Carbamazepine (CBZ) has traditionally been regarded as the first-line treatment option in SHE patients. In patients showing an unsatisfactory response to monotherapy, topiramate (TPM), lacosamide (LCM) and acetazolamide (ACZ) could be reasonable add-on strategies. The increasing understanding of the role of neuronal nicotinic acetylcholine receptor (nAChR) in SHE pathophysiology has led to the evaluation of compounds able to modulate this receptor system, including nicotine patches and fenofibrate. Despite polytherapy with two or more antiepileptic drugs (AEDs), about one-third of SHE patients suffer from drug-resistant seizures. In selected drug-resistant patients, epilepsy surgery is a therapeutic approach that offers high probability of recovery, with up to two-third of patients becoming seizure-free after resection of the epileptogenic zone. An evidence-based approach from randomized placebo-controlled trials in SHE patients is lacking, and current treatment recommendations are based only on case reports and small series. Furthermore, most of these case reports and case series involve patients with a known genetic defect, which only accounts for a small proportion of SHE patients.
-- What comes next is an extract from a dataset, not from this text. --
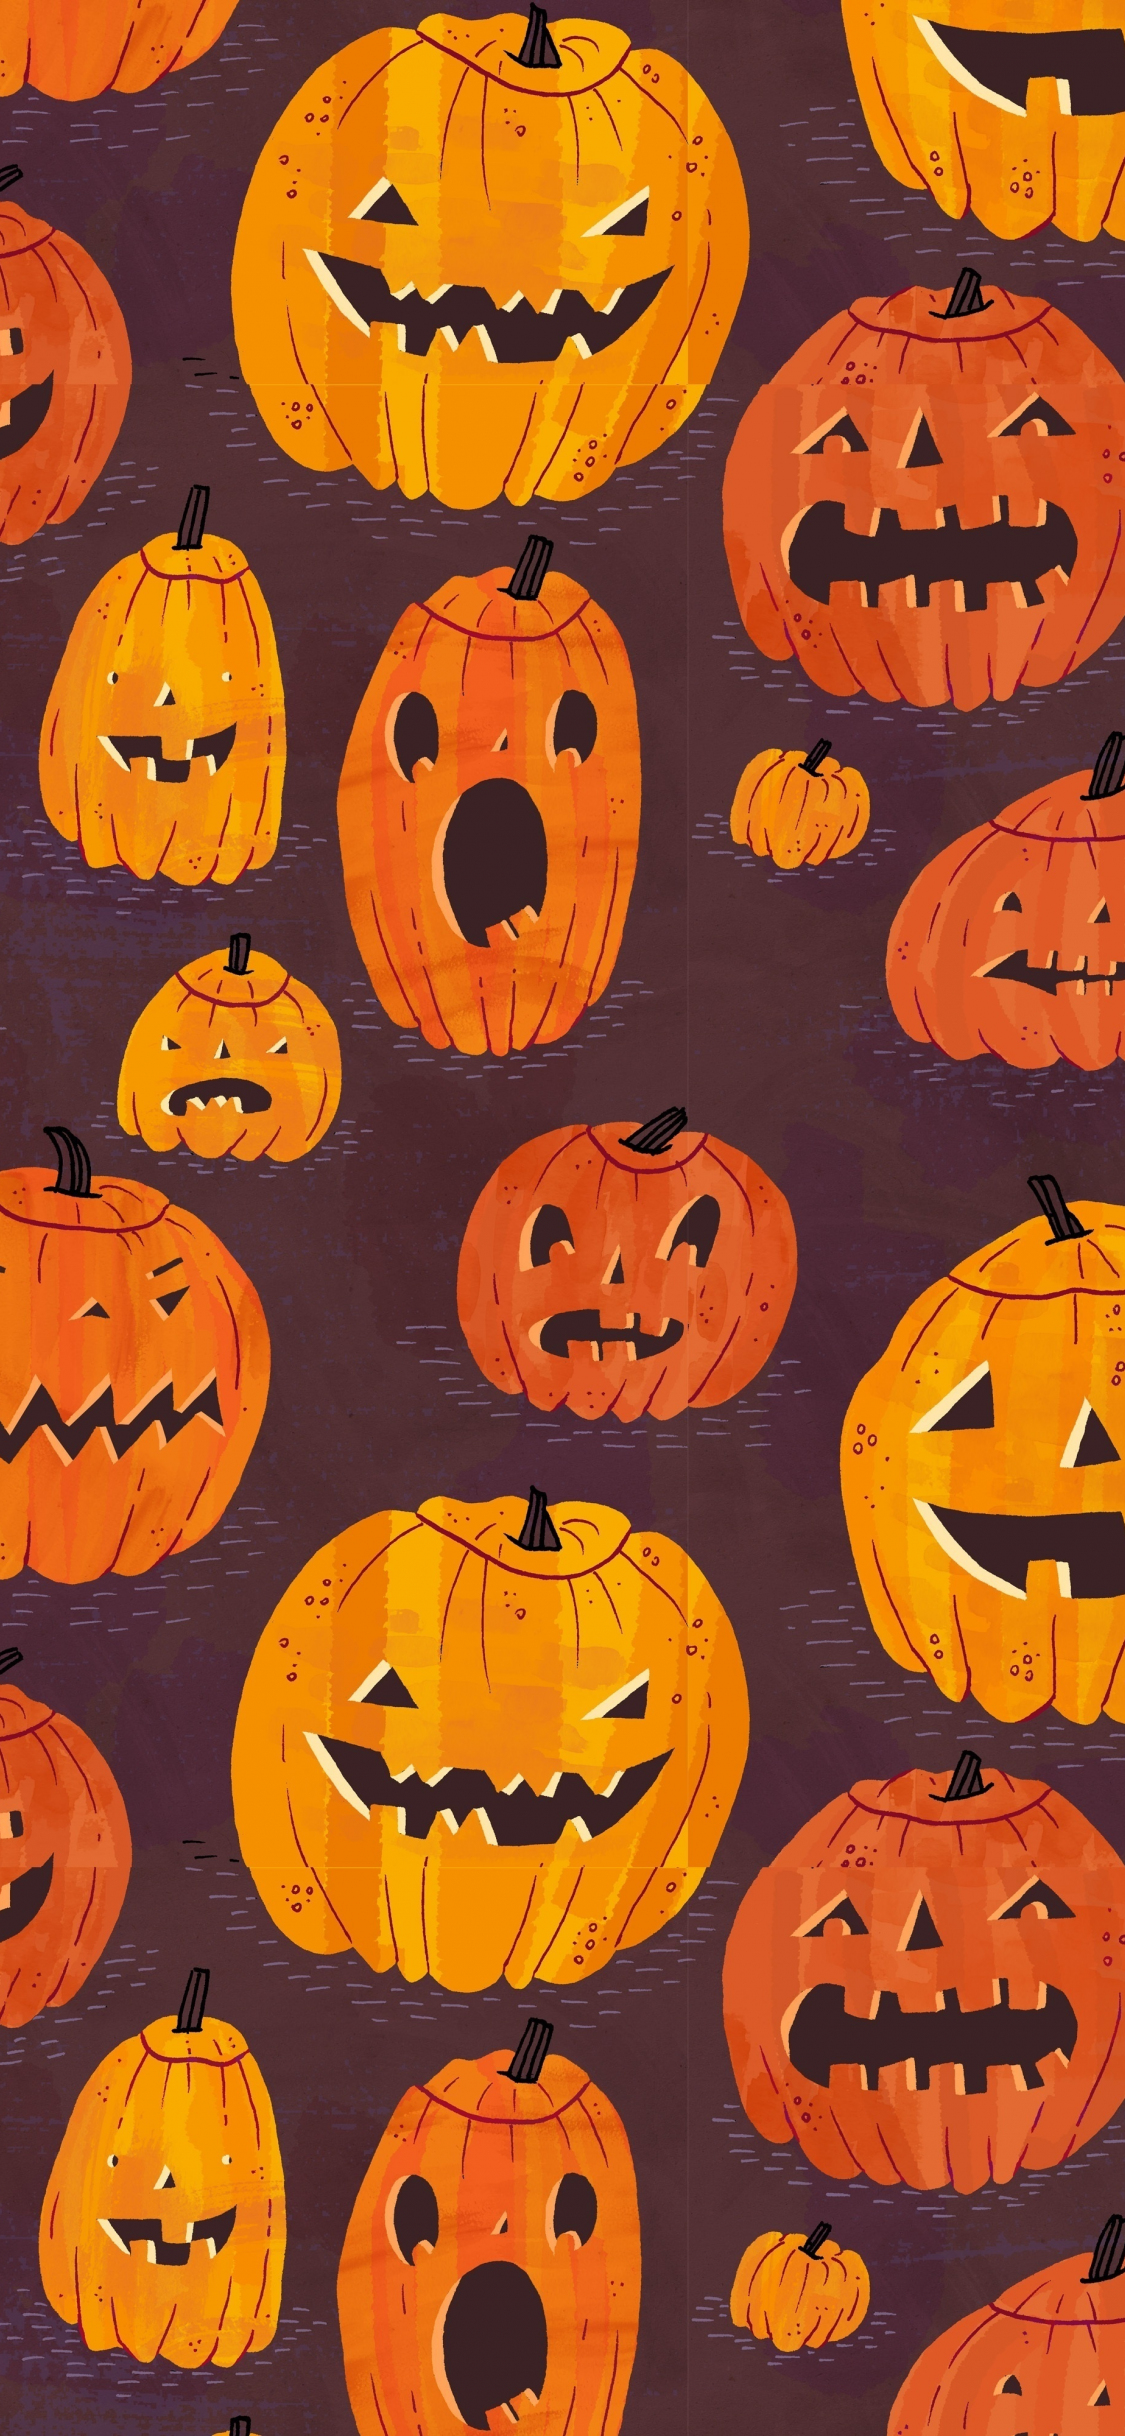 Halloween Pumpkin Ghost Candy Corn iPhone Android Wallpaper Background iPhone 6 6S 7 7s 8 8s X XS MAX XR Samsung Galaxy Note 9 Wallpapers
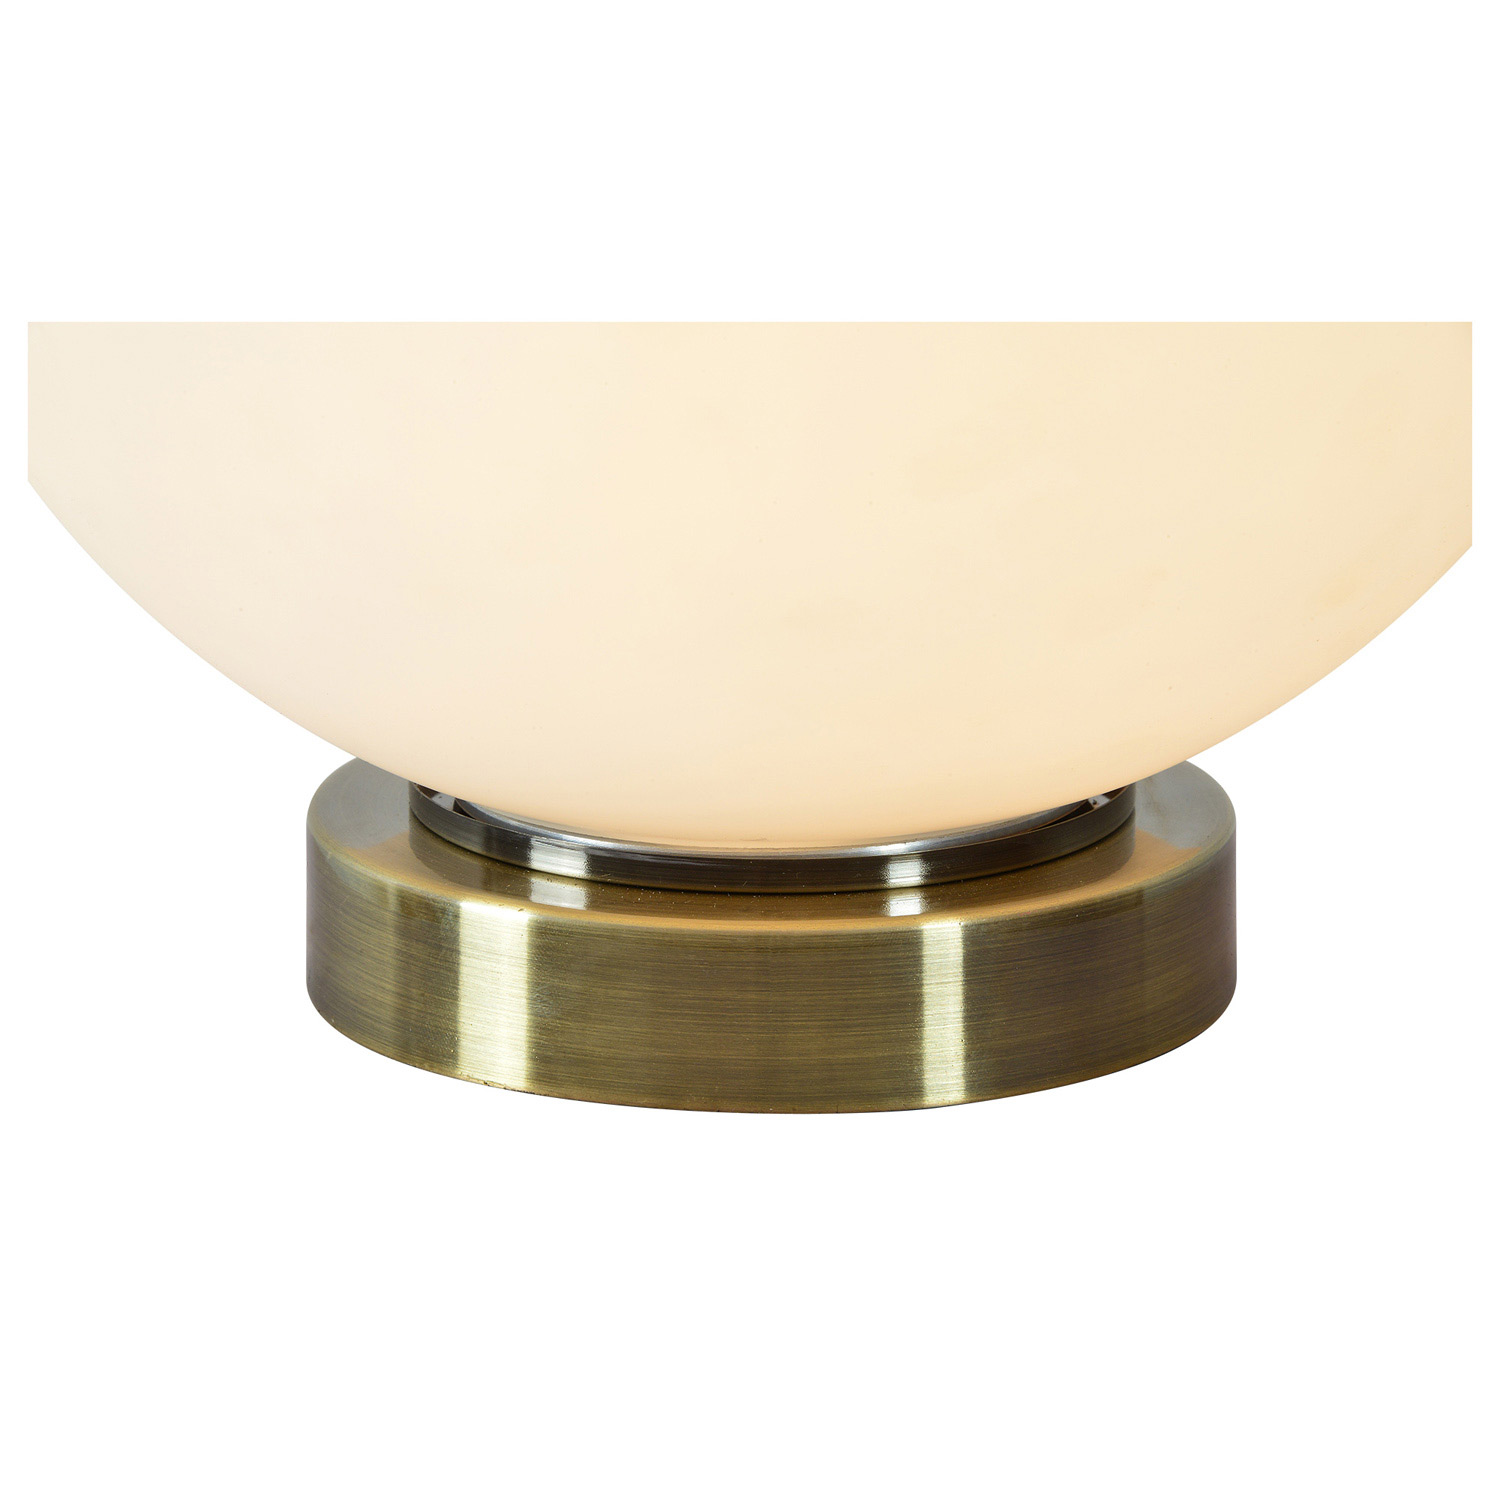 Ren-Wil Maxwell Table Lamp - Antique Brushed Brass

Therefore, a prospective study in a large cohort of sporadic SHE patients is necessary in order to provide clinicians with an evidence-based treatment for this rare form of epilepsy. An early and effective anti-epileptic treatment is mandatory for SHE patients, in order to prevent the risk of increasing seizure frequency throughout the disease course with relevant impact on patients' cognitive profile and daytime performances.

摘要

综述目的

本综述旨在总结和讨论睡眠相关性运动过多型癫痫(SHE)治疗的当前选择和新进展,重点关注药物治疗和手术治疗。

最新发现

传统上,卡马西平(CBZ)被视为SHE患者的一线治疗选择。对于单药治疗反应不佳的患者,托吡酯(TPM)、拉科酰胺(LCM)和乙酰唑胺(ACZ)可能是合理的添加治疗策略。对神经元烟碱型乙酰胆碱受体(nAChR)在SHE病理生理学中作用的认识不断加深,促使人们对能够调节该受体系统的化合物进行评估,包括尼古丁贴片和非诺贝特。尽管使用两种或更多抗癫痫药物(AEDs)进行联合治疗,但约三分之一的SHE患者仍患有耐药性癫痫发作。在选定的耐药患者中,癫痫手术是一种治疗方法,恢复概率较高,高达三分之二的患者在切除致痫区后可无癫痫发作。SHE患者缺乏来自随机安慰剂对照试验的循证方法,目前的治疗建议仅基于病例报告和小样本系列研究。此外,这些病例报告和病例系列大多涉及已知基因缺陷的患者,而这仅占SHE患者的一小部分。因此,有必要对大量散发性SHE患者进行前瞻性研究,以便为临床医生提供针对这种罕见癫痫形式的循证治疗方法。对于SHE患者,早期有效的抗癫痫治疗至关重要,以防止在整个病程中癫痫发作频率增加的风险,这对患者的认知状况和日间表现有相关影响。